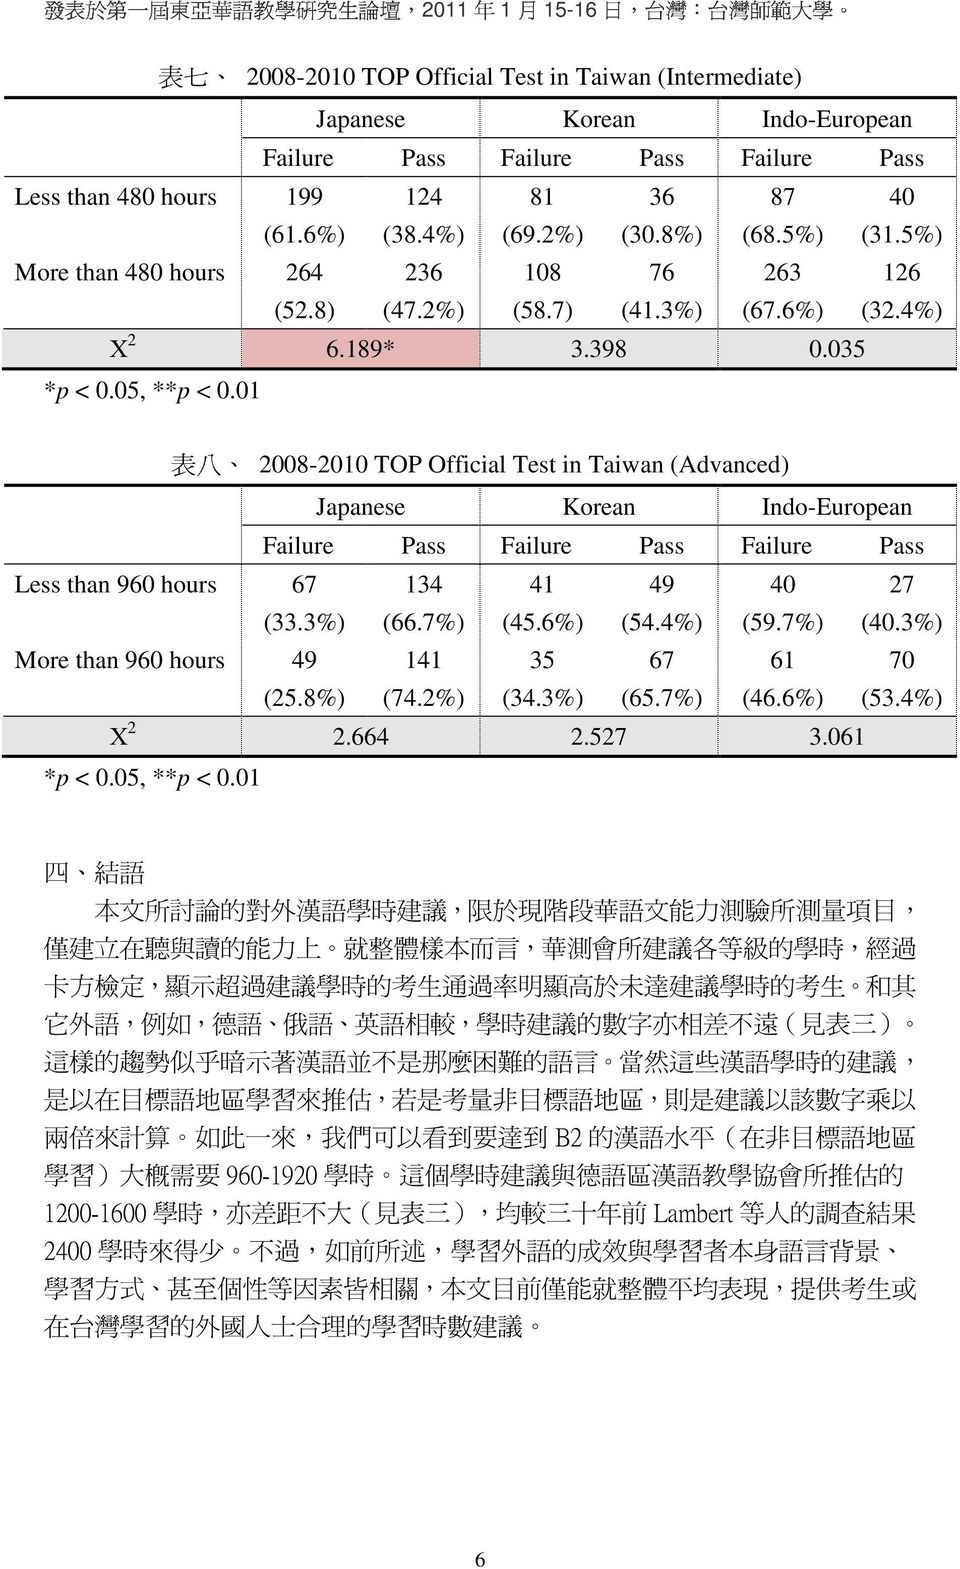 0 表 八 2008-200 TOP Official Test in Taiwan (Advanced) Less than 960 hours 67 34 4 49 40 27 (33.3%) (66.7%) (45.6%) (54.4%) (59.7%) (40.3%) More than 960 hours 49 4 35 67 6 70 (25.8%) (74.2%) (34.
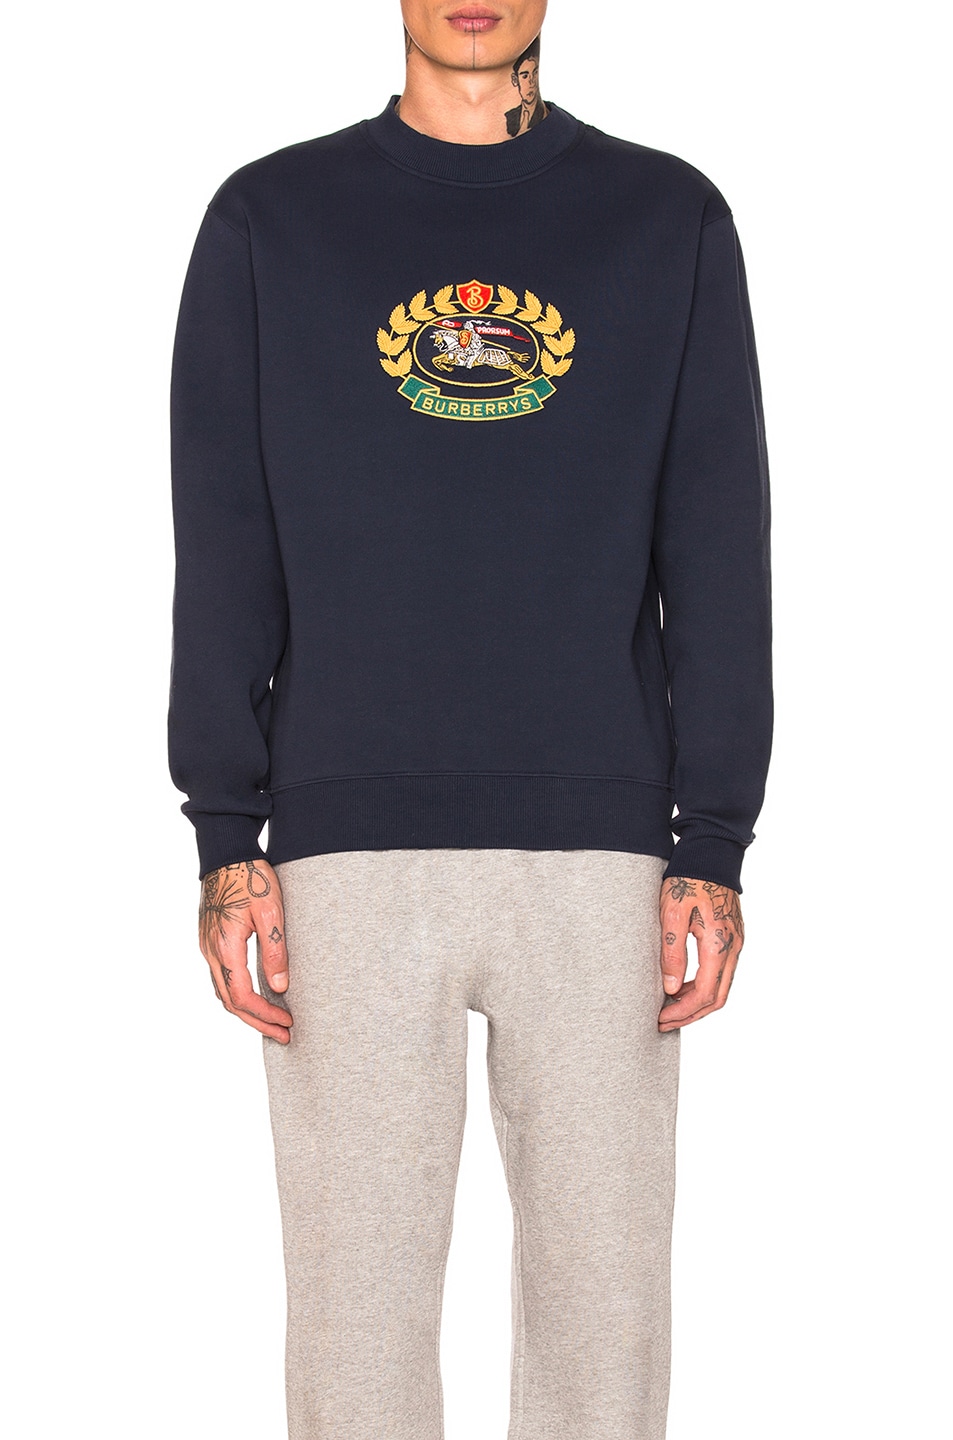 burberry navy sweatshirt
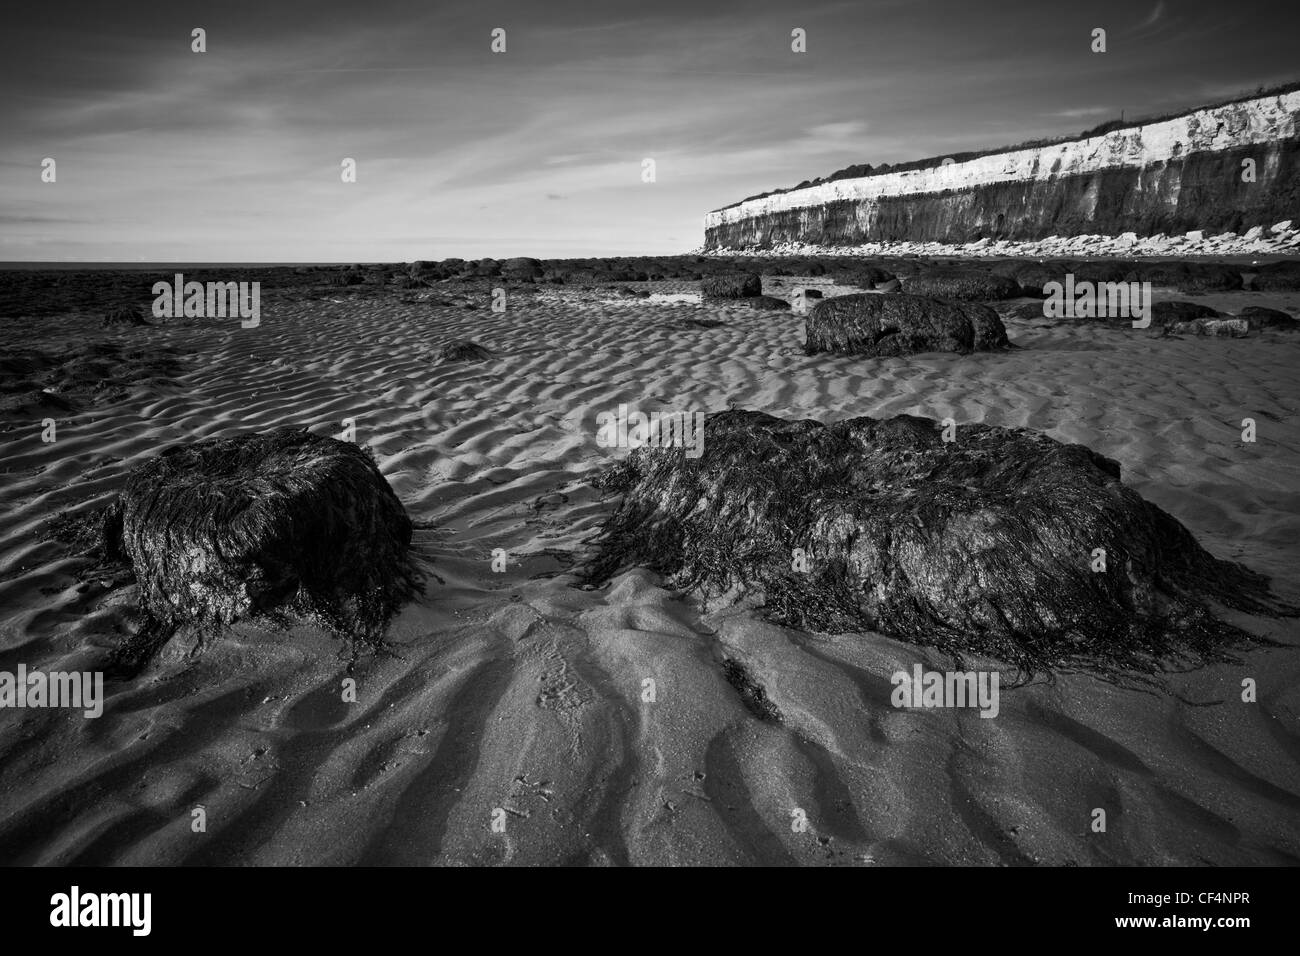 Des monticules couverts d'algues sur la plage de Hunstanton, stratifié par ses falaises fossilifères. Banque D'Images
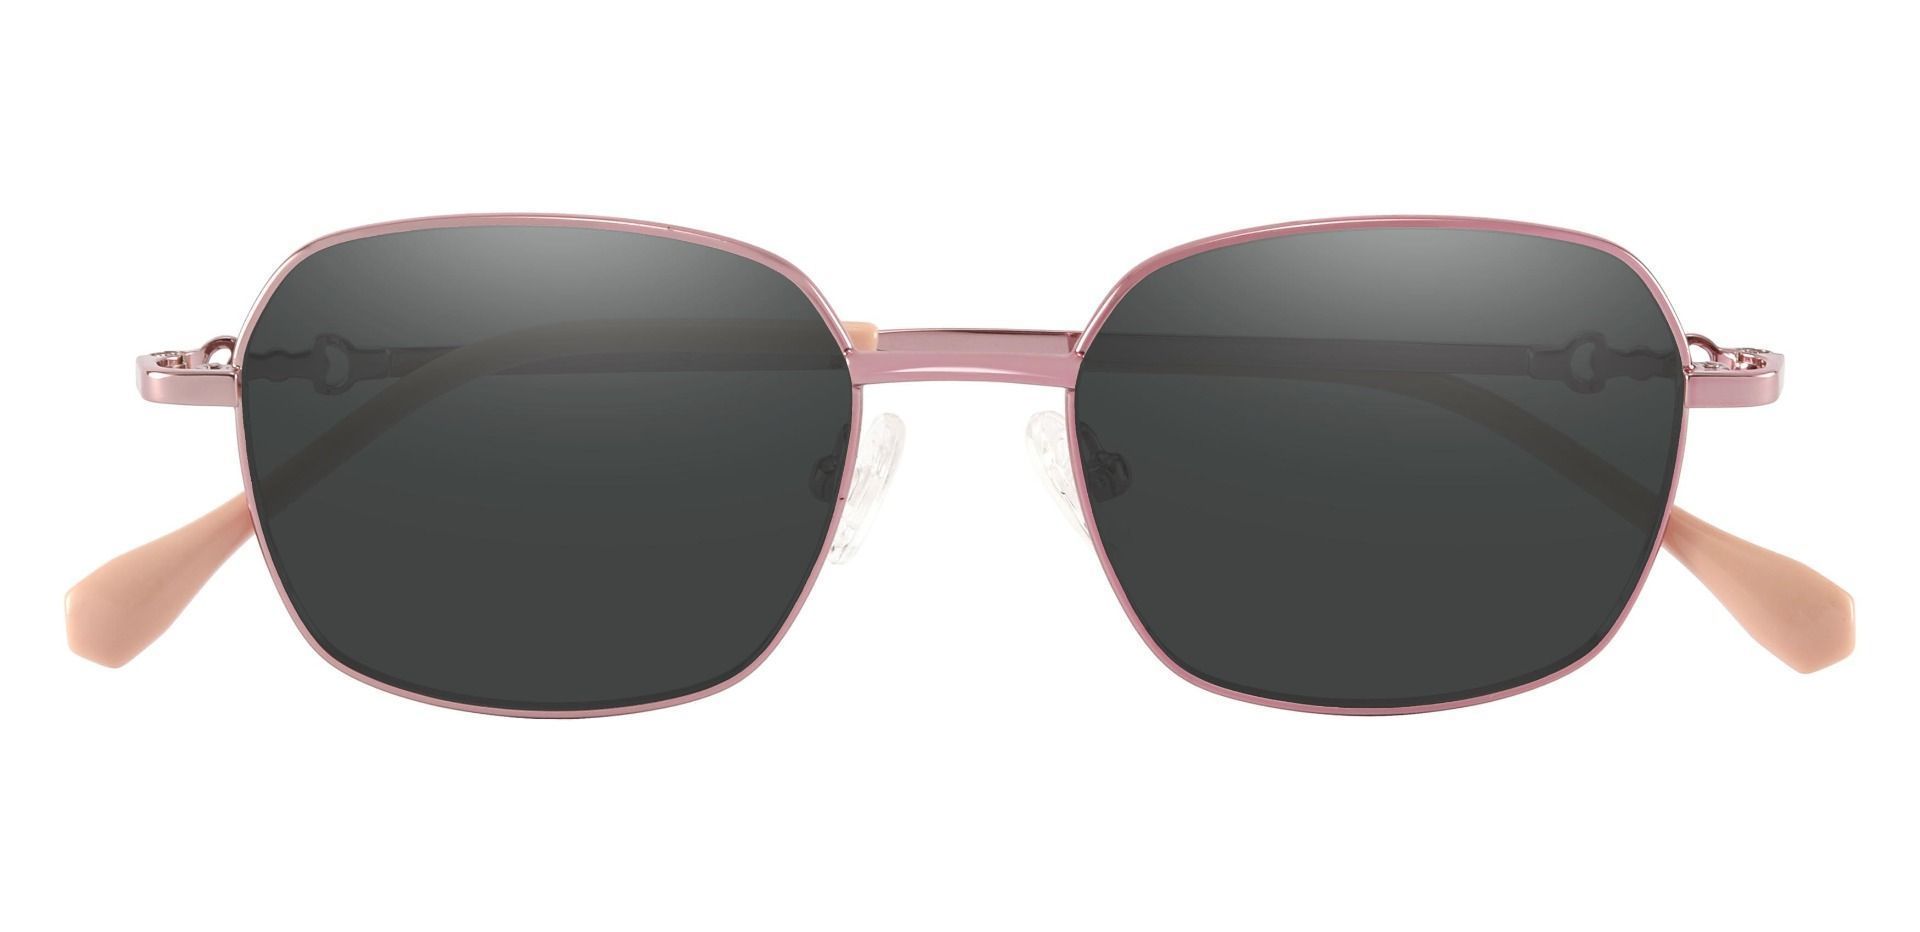 Averill Geometric Progressive Sunglasses - Rose Gold Frame With Gray Lenses

→ **WORK INSTRUCTION**: For this exercise, write the listing out again exactly, excluding all images.

→ **OUTPUT BELOW**:
 0 表 八 2008-200 TOP Official Test in Taiwan (Advanced) Less than 960 hours 67 34 4 49 40 27 (33.3%) (66.7%) (45.6%) (54.4%) (59.7%) (40.3%) More than 960 hours 49 4 35 67 6 70 (25.8%) (74.2%) (34.
 burberry navy sweatshirt
 Des monticules couverts d'algues sur la plage de Hunstanton, stratifié par ses falaises fossilifères. Banque D'Images
 Averill Geometric Progressive Sunglasses - Rose Gold Frame With Gray Lenses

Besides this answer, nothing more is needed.